Institute: Maine
Year Established: 2002 Start Date: 2002-03-01 End Date: 2004-02-28
Total Federal Funds: $36,257 Total Non-Federal Funds: $72,472
Principal Investigators: John Peckenham, Kevin Boyle, Jonathan Rubin
Project Summary: The energy politics of New England have provided a natural experiment on MtBE contamination and remediation of groundwater. MtBE is the gasoline oxygenate that has contaminated groundwater nationwide. EPA has proposed a ban, but federal action will likely take years. In 1998, a statewide survey in Maine determined that 16% of ground water supplies contained MtBE. Public outcry caused Maine to ban the use of reformulated gasoline in March 1999. This event set up a unique opportunity to study how a change from 12% to 2% MtBE in fuel affects the quality of water resources and the costs of spill remediation. Most importantly, we can determine how fast MtBE natural remediation occurs and thus provide information to allow other regions to react to their specific situation with the appropriate understanding of MtBE persistence and associated costs for clean up. We will examine the spatial distribution and persistence of MtBE on the town and statewide scales.
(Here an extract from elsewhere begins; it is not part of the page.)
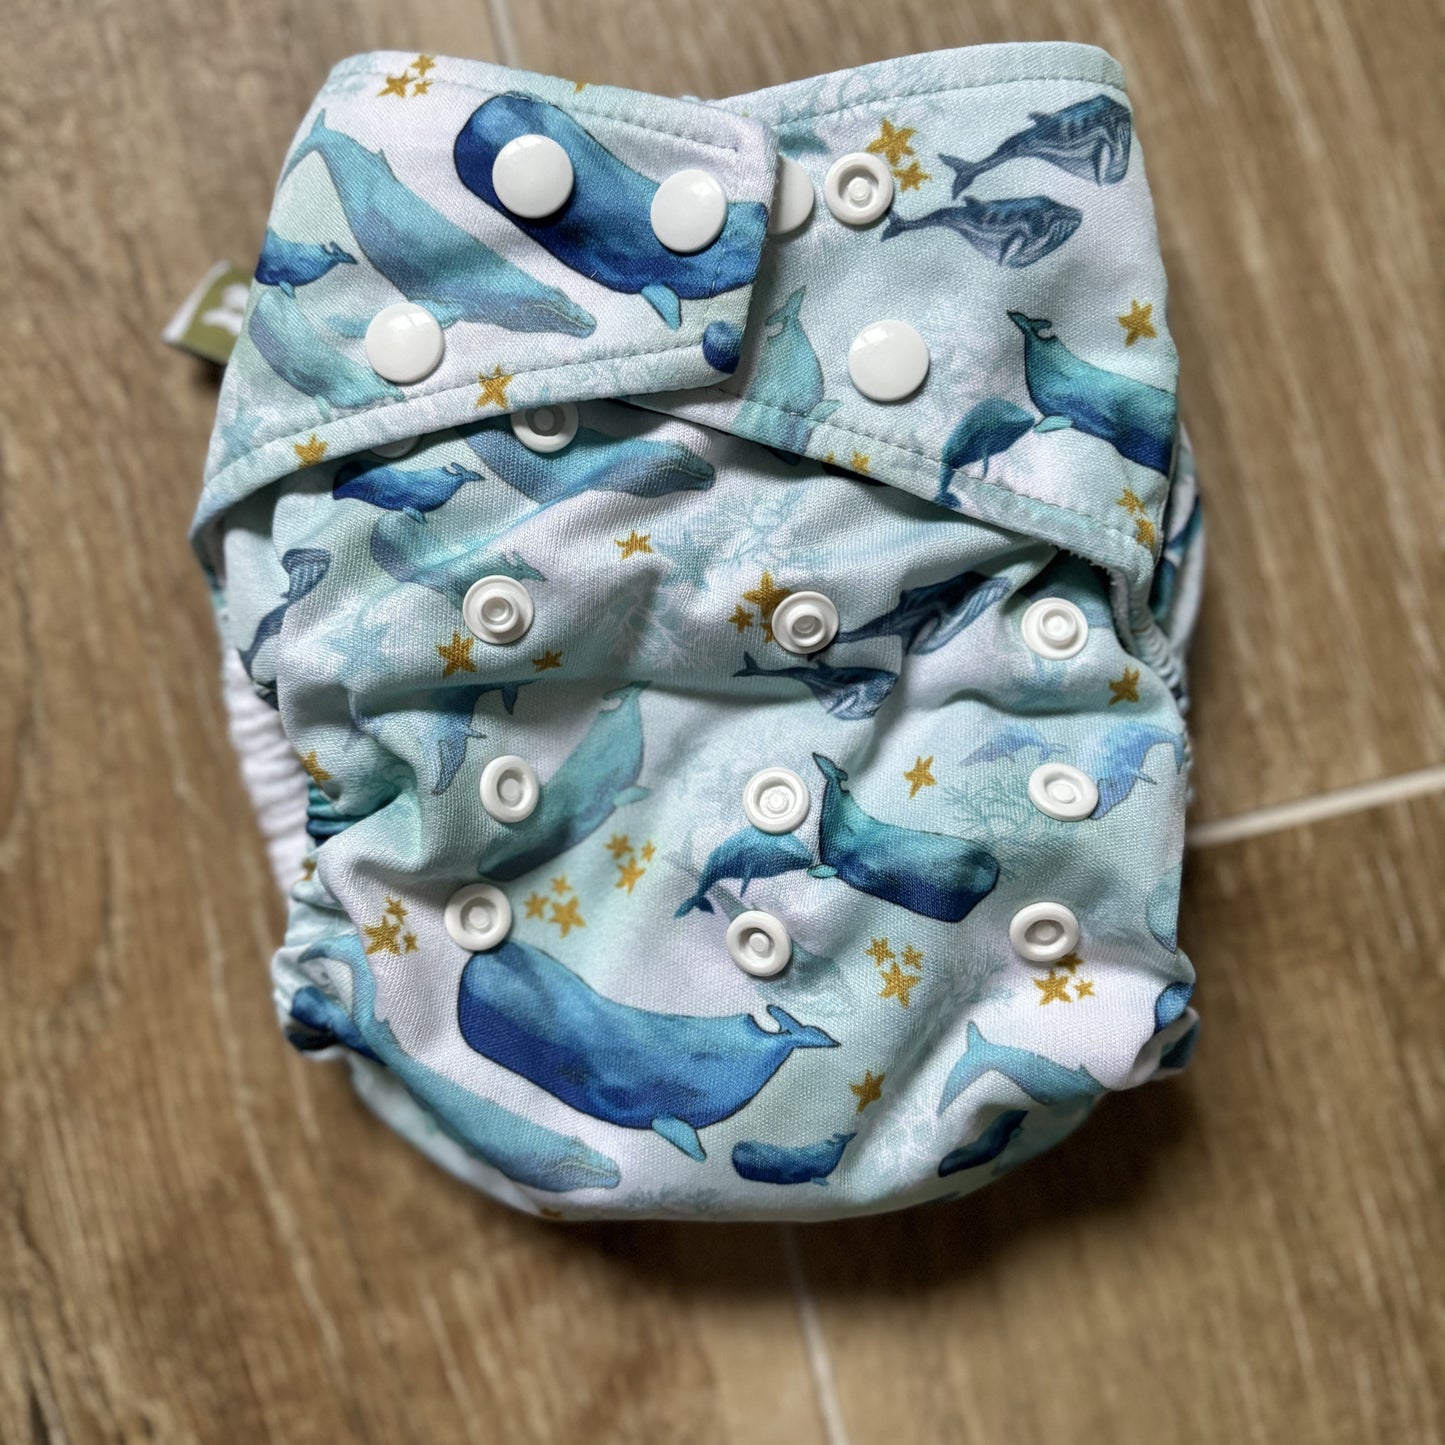 Little Lamb One Size Pocket Nappy including 2 bamboo inserts-Pocket Nappy-Little Lamb-Under the Sea-The Nappy Market

The town is Windham, Maine, a suburban town with well-documented MtBE contamination in groundwater on which this research team has focused its efforts to date. The statewide scale uses statistical sub-populations from areas with different MtBE use-histories and state records on remediation. The scaled experimental design will examine both site-specific behavior (rate of change in MtBE concentrations) and changes in spatial distributions. The economics component of this project will evaluate the costs of using and remediating MtBE to safe levels. We will evaluate the economic benefit in reduced remediation costs by switching to low, or no-MtBE fuels. Although bans on MtBE have been contemplated elsewhere, only Maine has implemented reductions. Therefore, Maine is the only region where the geohydrology and economics of this change can be tested, and then forecast for the rest of the nation. This project is a collaborative effort of: (1) University of Maine; (2) U.S. Geological Survey at the town study location (USGS-WRD-Augusta); (3) Maine Department of Environmental Protection to evaluate MtBE and other oxygenates at groundwater remediation sites and to analyze samples for other fuel oxygenates; and The slowness of the regulatory process and the documented persistence of MtBE in groundwater make this research both timely and very much needed for groundwater planning in many parts of the nation.